2.5 Wrist Fractures Flashcards
In a normal wrist there two angles/lines that are easily disrupted by a fracture. What are they?
normal radial inclination of 25degrees
normal volar tilt of 10 degrees
(radius is usually long by 2mm at the distal radio ulnar joint - the DRUJ where they touch)
What are three patterns of distal radius fracture?
Colle’s
Barton’s
Smith’s
How do you get a Colle’s fracture and what are the 4 characteristics?
From a fall on outstretched hand “FOOSH”
- dorsal angulation
- radial inclination flattened
- radial shortening/ impaction
- extra-articular fraction with 4cm of the joint line
Often quite marked visible deformity
Management of Colle’s fracture
Displaced fracture should be manipulated with traction and plaster applied.
Anaesthetise with haematoma block or a Bier’s block.
Conservative management can be tried.
Unstable fractures may need open reduction and internal fixation. (DVR plate)
What happens in a Smiths fracture?
opposite to Colle’s - a fall onto a flexed wrist, less common.
- radial flattening and impaction
- volar displacement rather than dorsal
More unstable than Colle’s so usually need open reduction and internal fixation.
What happens in a Barton’s fracture?
Intra-articular distal radius fracture and is described both with dorsal and volar displacement.
- significant subluxation and sometimes dislocation of the radiocarpal joint.
Unstable, will need surgery.
Starting at the edge off that radius and going across and back again, what are the carpal bones?
Proximal row: Scaphoid, lunate, triquetral, pisiform
Distal row:
Hamate, capitate, trapezoid, trapezium
How do you get a Scaphoid fracture?
Similar mechanism to Colle’s
Account for 2/3rds of carpal fractures.
Notoriously difficult to diagnose as they are undsiplaced so hard to see on an xray.
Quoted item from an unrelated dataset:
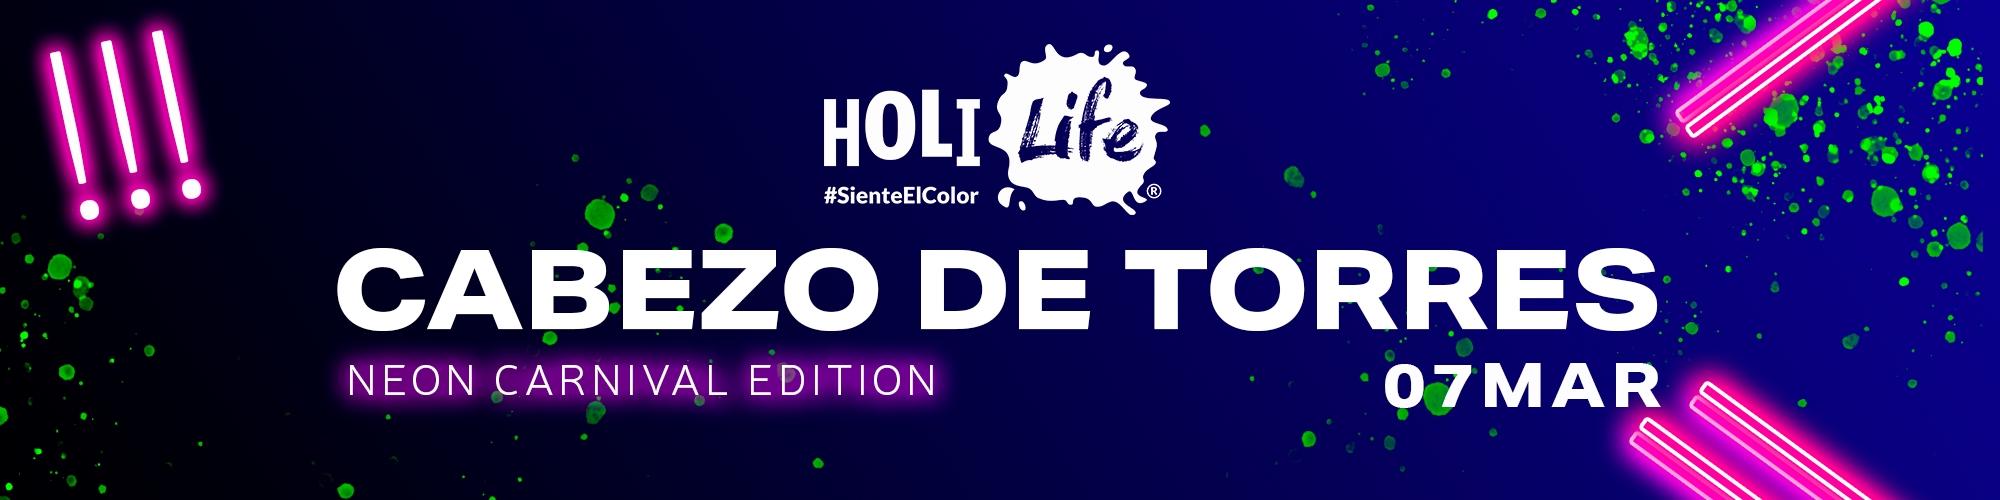 Holi Life Murcia 6th Edition 07-03-2020

Keep high degree of clinical suspicion.
How do you diagnose a scaphoid fracture?
Clinical examination 3 steps:
- press the anatomical snuffbox
- telescope the thumb (pressure seafood via trapezium)
- press the scaphoid tubercle
If based of that you suspect scaphoid fracture then request a ‘scaphoid series’ from xray. Four different angles.
How do you treat suspected / confirmed scaphoid?
immobilisation in a ‘thumb spica’
2 week follow up out of plaster and repeat scaphoid series and clinical exam.
Most can be managed conservatively however proximal pole of scaphoid is particularly at risk of non-union and may be fixed. Still no healing may need further surgery and bone grafting.